Data section
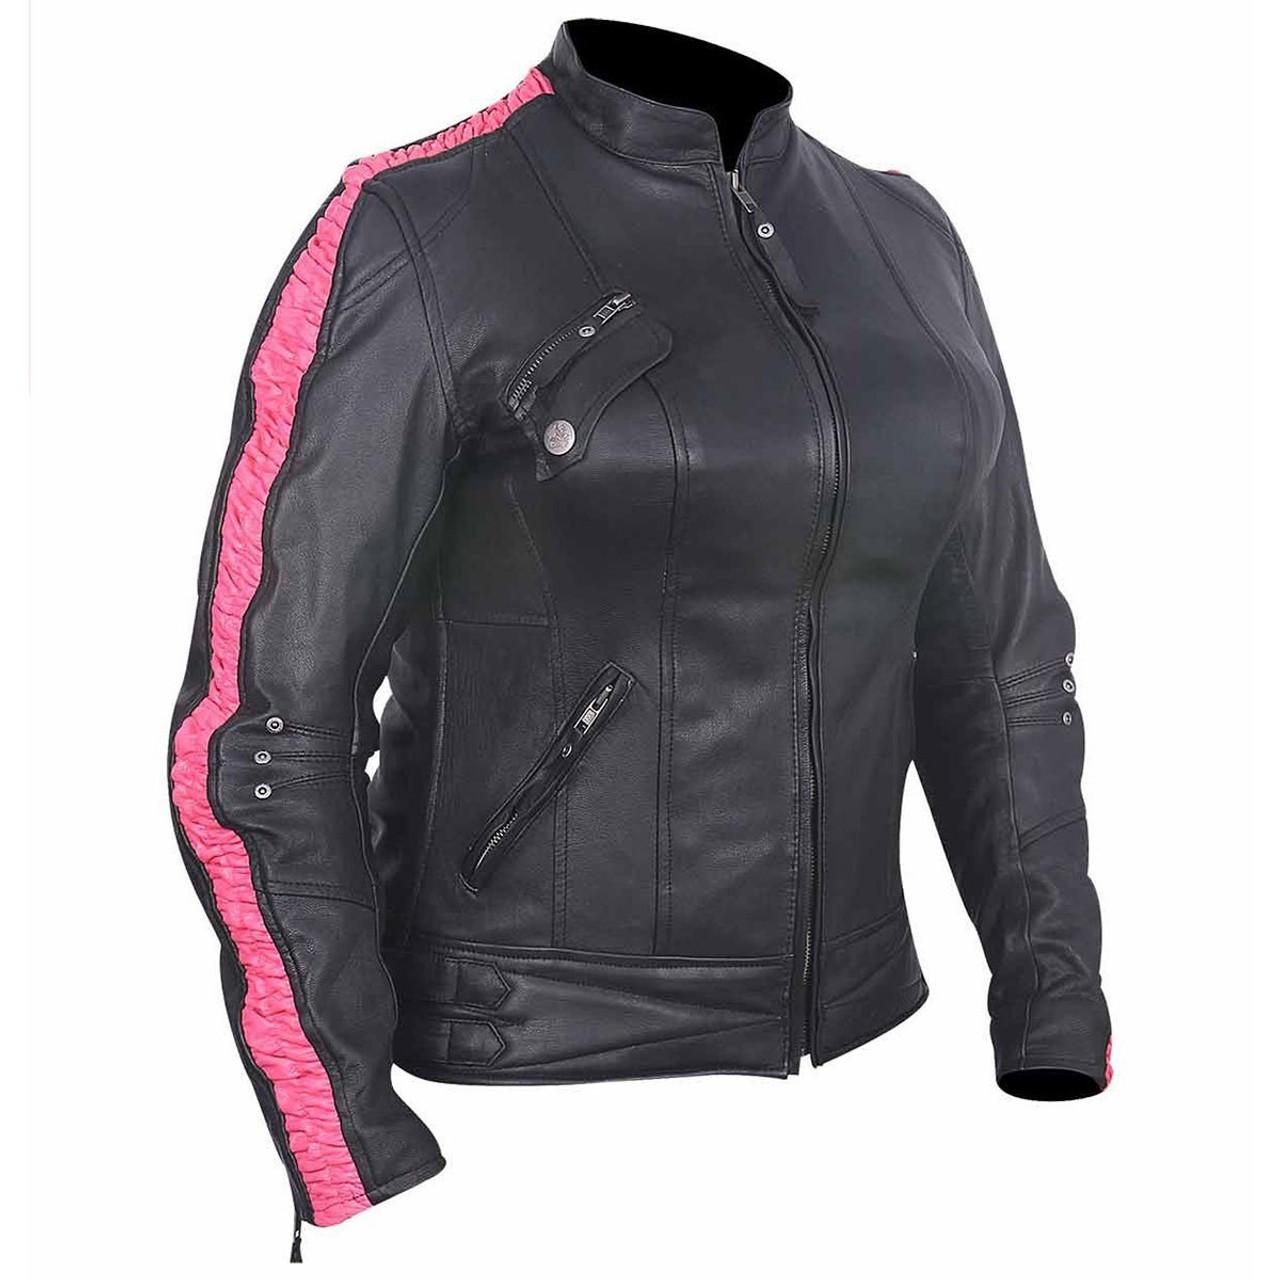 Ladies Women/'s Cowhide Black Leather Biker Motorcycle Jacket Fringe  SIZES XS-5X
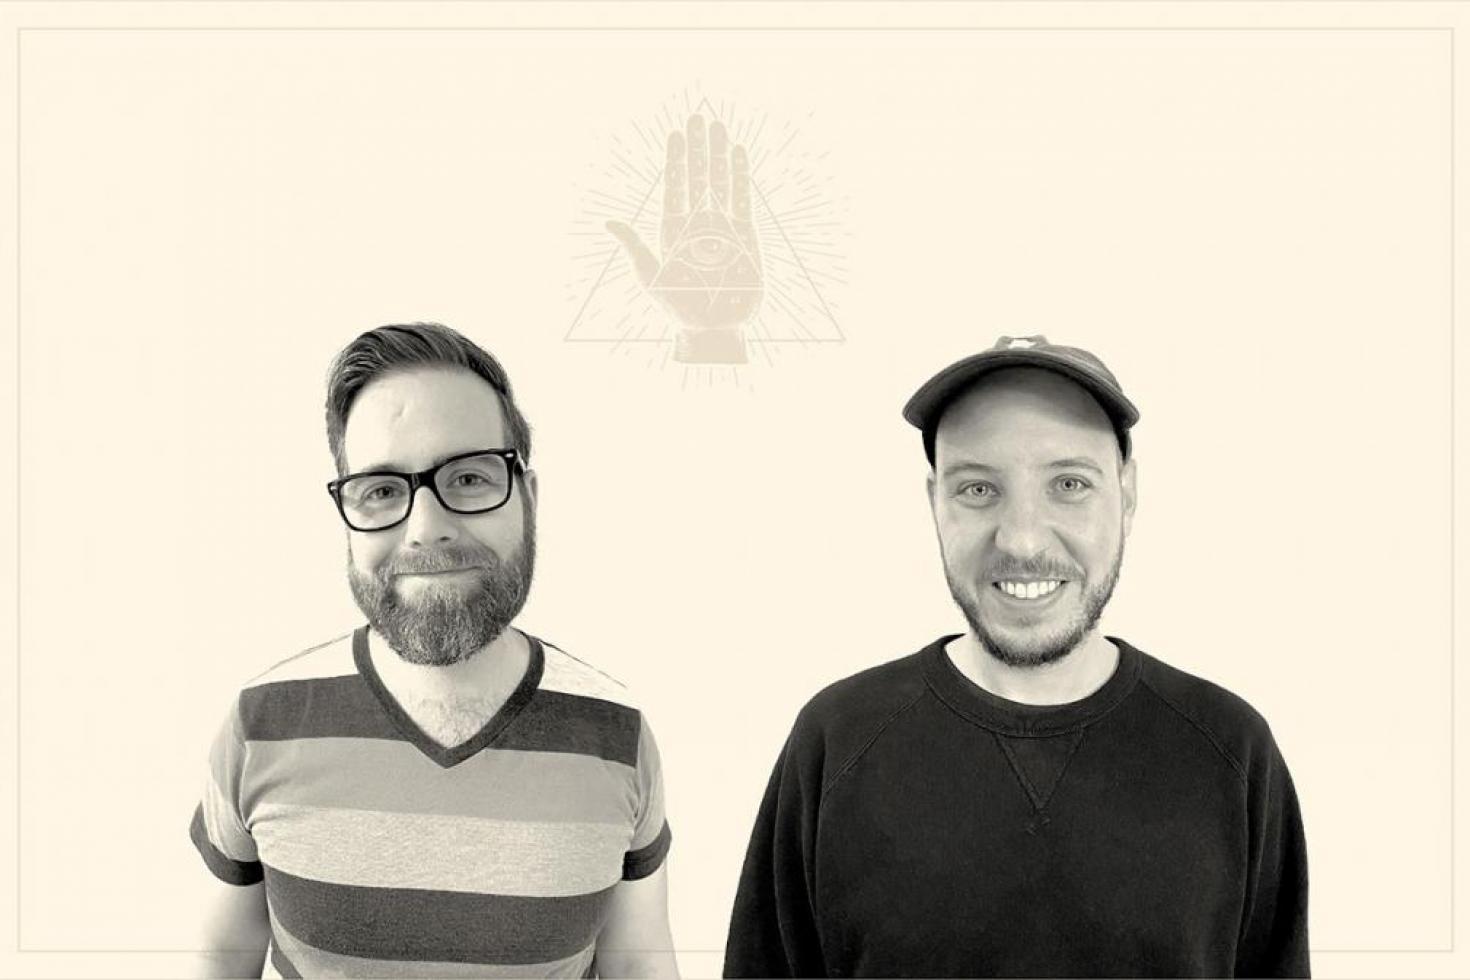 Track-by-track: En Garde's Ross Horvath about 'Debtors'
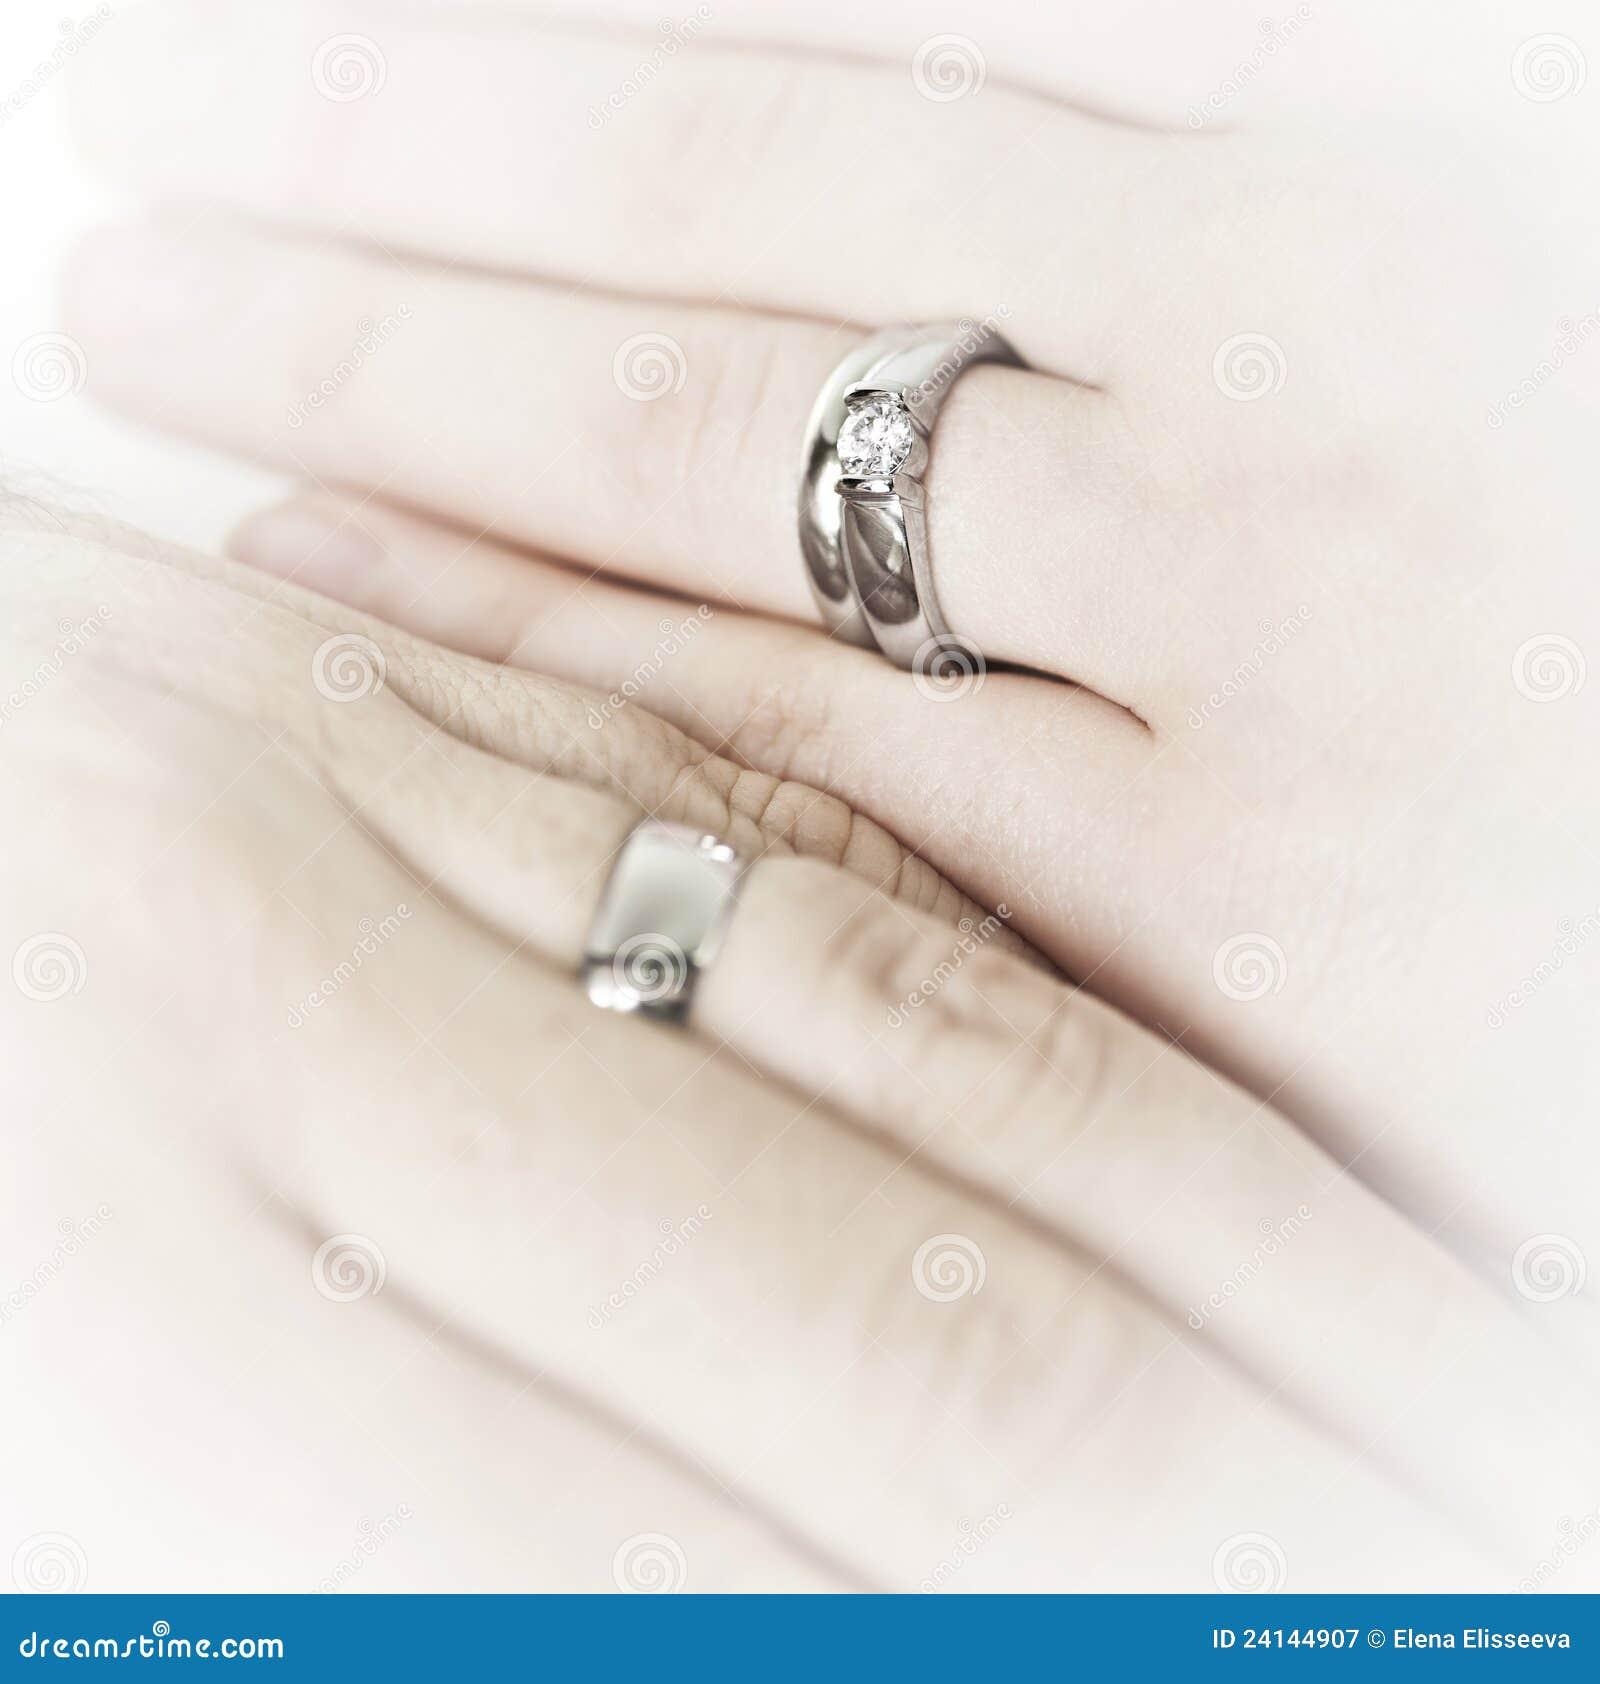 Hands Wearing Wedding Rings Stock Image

Task directions
Transcribe the listing word for word, but keep its pictures out of the copy.

Output for this task
 Ladies Women/'s Cowhide Black Leather Biker Motorcycle Jacket Fringe  SIZES XS-5X
 Track-by-track: En Garde's Ross Horvath about 'Debtors'
 Hands Wearing Wedding Rings Stock Image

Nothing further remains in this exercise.